Similar to the discrepancy between the IR sensitivities observed for free amino acids and amino acids in tripeptides, patterns of modification were also different. By far, the most common product was decarboxylation (−30) of the C-terminus (Fig. 3D), which has been noted before in radiolytic modification studies with peptides of varying lengths and chemistries (16, 21, 22). Hydroxylation (+16) was observed on a subset of the tripeptides with aromatic and nonpolar side chain chemistries, a clear cluster of products. Carbonylation (+14) occurred mainly on the tripeptides with nonpolar side chains (Tables 2, S3). Peroxidation (+32) was also observed on a small subset of tripeptides. Previously, +32 mass shifts were observed only on short peptides containing Val, Gly, Ala, and Pro (24). Further, no peroxidation was observed on basic residues within longer peptides in a second study (21). We hypothesize that the differences between tripeptides and longer or more complex peptides can be attributed to a larger variety of chemistries, in addition to variables associated with buffer, IR source, and treatment conditions.

Table 2.

Linac IR-induced products of tripeptides. Shown in columns are presence (+) of modifications, including oxidation/hydroxylation (+16Da), peroxidation (+32Da), triple oxidation (+48Da), carbonylation (+14Da), and decarboxylation (−30Da). Uncommon modifications are displayed in the “Misc.” column, and the mass shifts, in Da, are shown for each amino acid. Dimerization of CGC is noted here as well.

Modifications
Tripeptide R chemistry +16Da/
+(O)
+32Da/
+2(O)
+48Da/
+3(O)
+14Da/
+(=O)
−30Da/
Decarb.
Misc.
GFG aromatic + +
GWG aromatic + + + +62, +82
GYG aromatic + +
GDG acidic + + −32
GEG acidic + −105
GAG nonpolar + −105
GGG nonpolar + + +
GIG nonpolar + + + −4
GLG nonpolar + + + −4
GMG nonpolar + −14, −32, −50
GPG nonpolar + + + + −87, −104
GVG nonpolar + + + −4
GCG polar + dimer
GNG polar + −48, −105
GQG polar + + + −105
GSG polar + −2, −16
GTG polar + −2, −48
GHG basic + + +
GKG basic + + + +
GRG basic + +

A precise mass shift of −105.042 was identified on GEG, GAG, GNG, and GQG (Table S3). Using exact mass calculations, this most likely reflects a loss of C3H7NO3 (54). The best described phenomenon with a comparable mass change is a radical reaction beginning at the α-carbon of the middle residue, (13, 14, 17, 31, 40), followed by subsequent cleavage of the C-terminal Gly residue and further decarboxylation. However, this leaves a loss of 2 hydrogen atoms unaccounted for. A similar mass shift (−104.056) was seen on GPG, which we hypothesize is a related product (Table S3), but small mass discrepancies indicate that more work is required to confirm or update this reaction assignment.
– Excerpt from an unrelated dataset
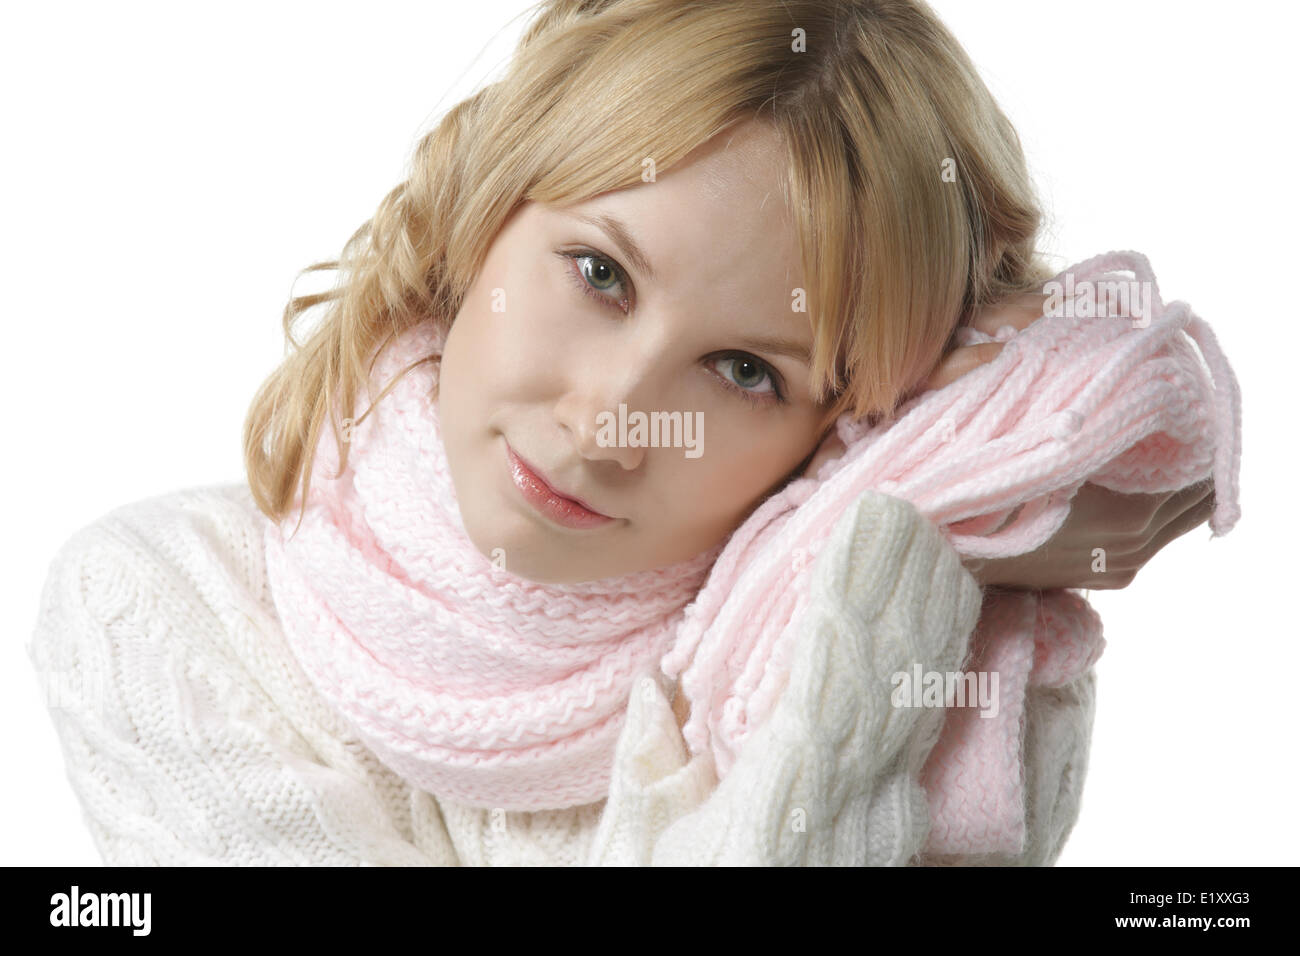 Softness - Stock Image

Modifications to polar and nonpolar residues in tripeptides

Consistent with our observations of a −2 mass shift on the free amino acid Ser, previously observed on free amino acids upon radiolysis (16), GSG and GTG both yielded the −2 carbonylation product. A mass shift of −16 was also observed on GSG, which has been previously seen (16). We hypothesize that this is a loss of oxygen and thus conversion of the middle residue from Ser to Ala.

Both GNG and GTG, residues containing polar side groups, had exact mass shifts of −48.021, a calculated loss of CH4O2 (54). This could correspond to radical-mediated decarboxylation of the C-terminus (−30, Fig. 3D), followed by oxygen loss to ultimately result in a C-terminal methyl group, though a further mass shift of −2 is unaccounted for. A mass shift of −4 was seen on the nonpolar residue-containing tripeptides GIG, GLG, and GVG. The small mass discrepancies here again indicate that more work is needed to confirm or update the suggested chemistries.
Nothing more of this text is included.